8 is a sectional view taken along line VIII-VIII shown in FIG.

9 is a sectional view taken along line IX-IX shown in FIG.

FIG. 10 is a side view showing a state in which a side attachment type bracket is attached to the row type injection pump.

FIG. 11 is a front view showing a state where a side-mounting bracket is attached to the row-type injection pump.

FIG. 12 is a partially cutaway side view showing the row-type injection pump.

FIG. 13 is a front view showing the row-type injection pump.

FIG. 14 is a plan view showing a row type injection pump.

FIG. 15 is a front view of a saddle mount bracket according to another embodiment of the present invention.

16 is a sectional view taken along line XVI-XVI shown in FIG.

FIG. 17 is a plan view of the bracket shown in FIG.

18 is a sectional view taken along line XVIII-XVIII shown in FIG.

19 is a sectional view taken along line XIX-XIX shown in FIG.

FIG. 20 is a partially cutaway cross-sectional view showing a state in which a row-type multi-cylinder diesel engine and a row-type injection pump are attached by a side attachment type bracket.

FIG. 21 is a partially cutaway sectional view showing a state in which a row-type multi-cylinder diesel engine and a row-type injection pump are attached by a saddle-type bracket.

FIG. 22 is a partially cutaway cross-sectional view showing a state in which a V-type multi-cylinder diesel engine and a row-type injection pump are attached by a saddle-type bracket.

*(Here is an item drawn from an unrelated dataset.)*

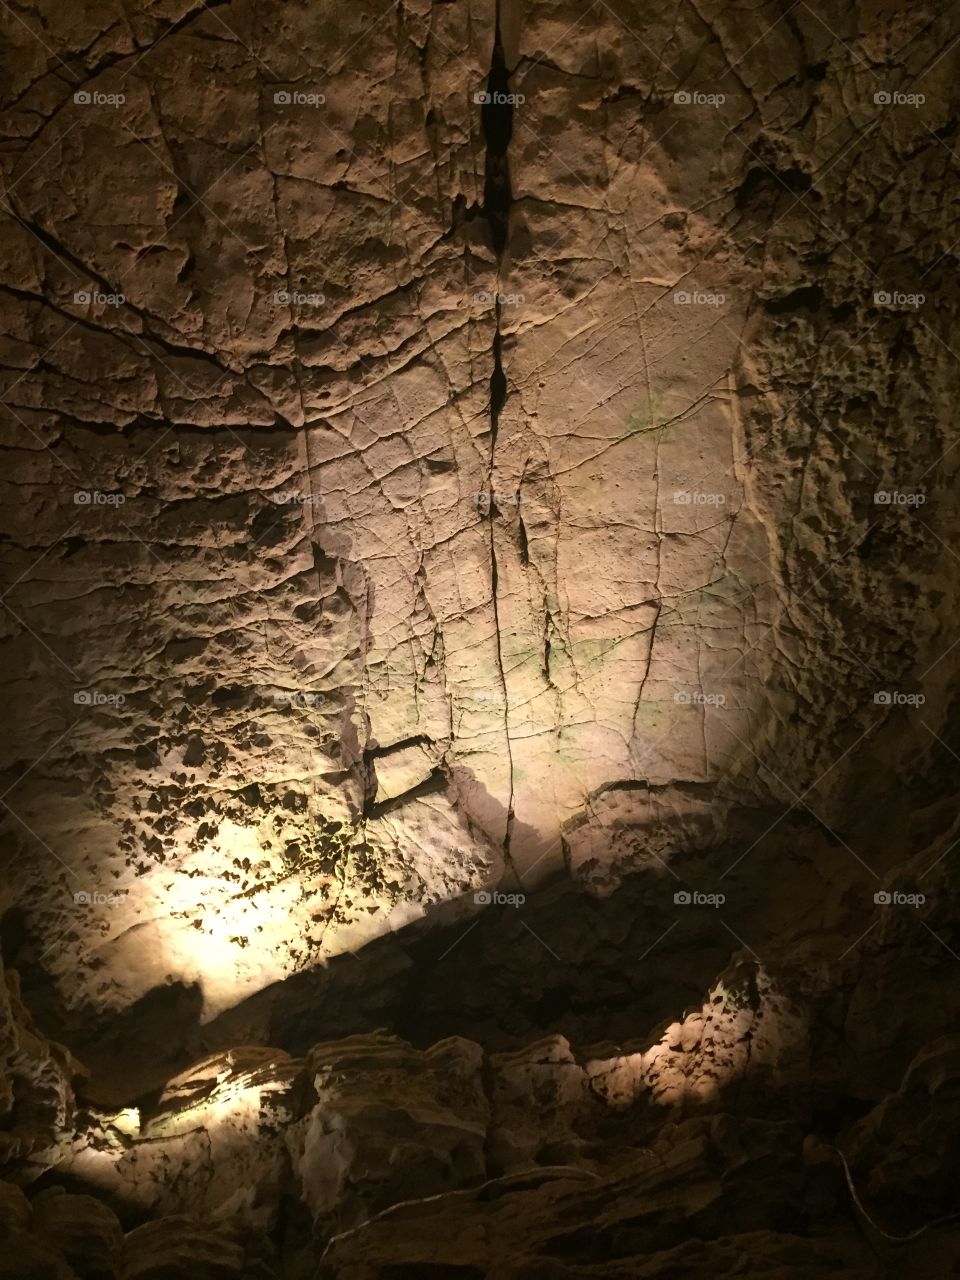 A spotlight shown on the wall of a cave producing a stunning display of light and shadow

FIG. 23 is a partially cutaway sectional view showing a conventional row type injection pump.

FIG. 24 is a front view showing a state in which a conventional row type injection pump and a bracket are attached.

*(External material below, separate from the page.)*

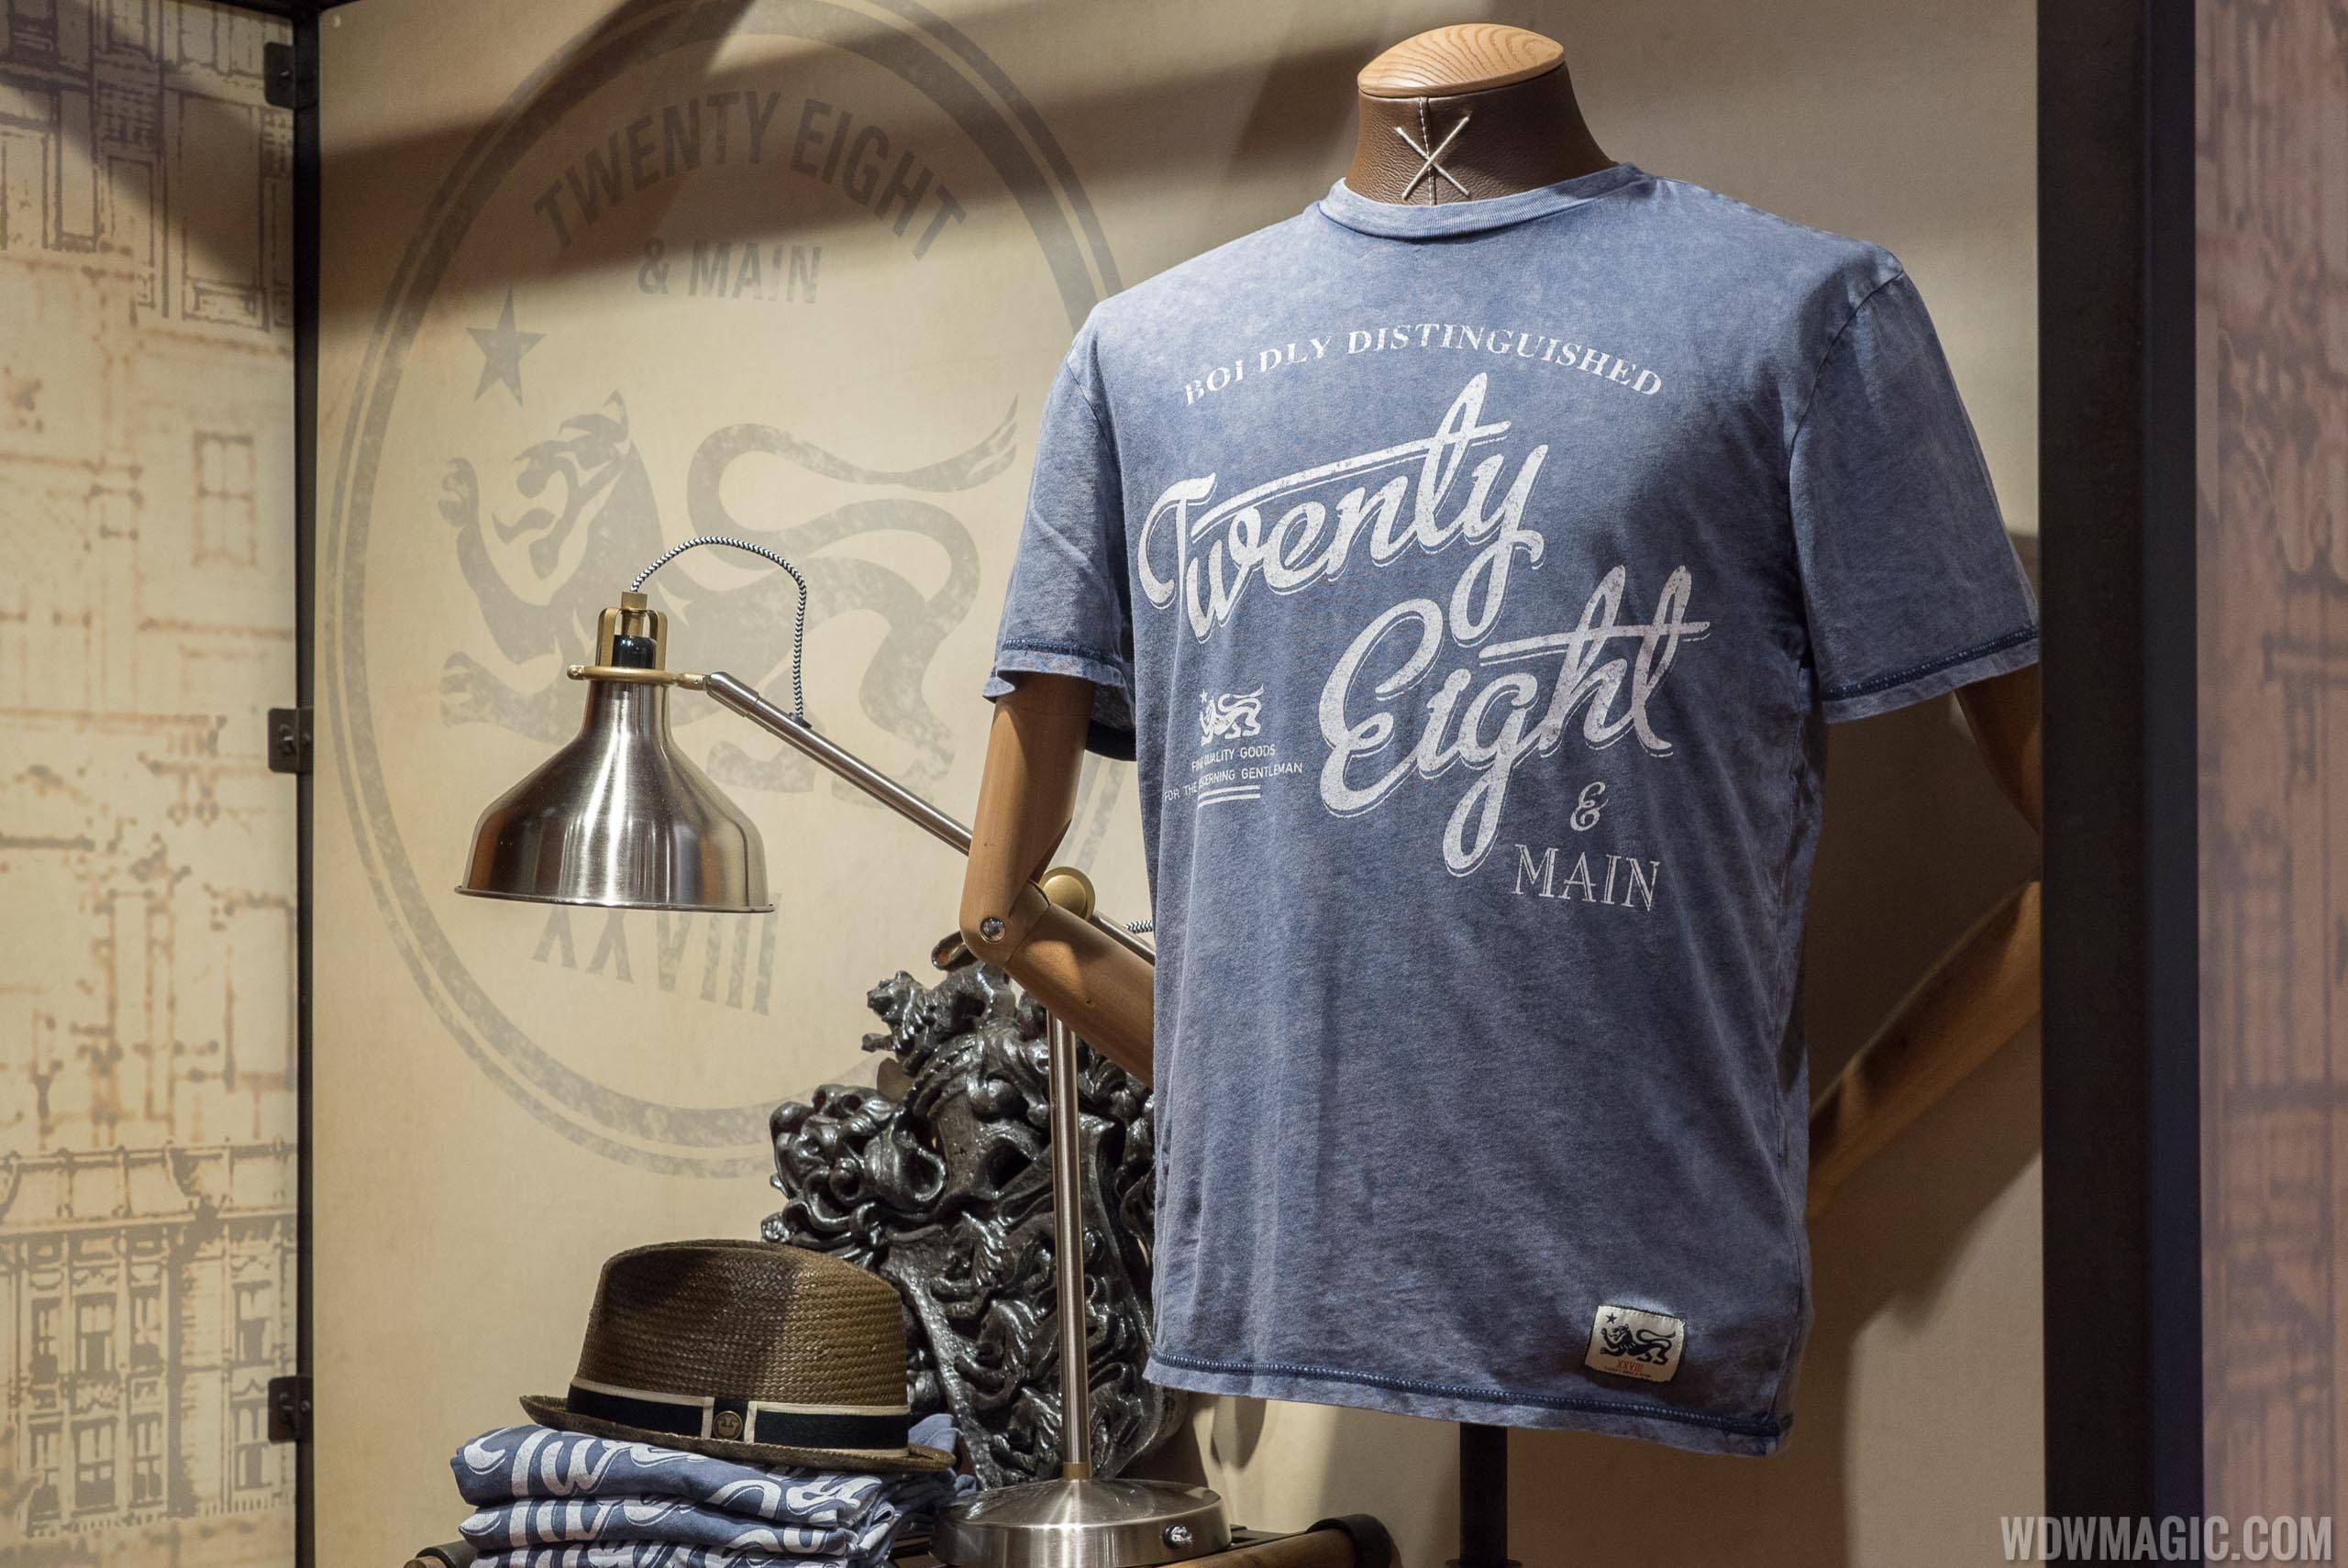 PHOTOS - Twenty Eight and Main now open at Disney Springs Marketplace Co-Op

FIG. 25 is a plan view showing a mounting state of a conventional row-type injection pump and a bracket.

[Explanation of symbols]

 1 bracket 3 1st member 5 2nd member 7 3rd member 9 fitting part 20 bracket 40 row type injection pump 42 flange part 51 small diameter part 52 bearing cover 53 large diameter part (flange part) 60 bracket 99 driven shaft

Claims (1)

[Claims] 1. A mounting device for a row injection pump for mounting a row injection pump having a pump portion having a flange portion and a governor portion on a pump housing to an internal combustion engine, the driven shaft of the row injection pump. A first member that has a fitting portion that inserts through the flange and a spigot fitting to the flange portion, and that is integrally formed with the first member, extends in the axial direction of the row-type injection pump, and is selectively fixed to the internal combustion engine. A second member formed integrally with the first member and the second member, extending in a direction perpendicular to the first member and the second member and in the axial direction of the row-type injection pump, and selected as an internal combustion engine. And a third member that is fixed in a stationary manner.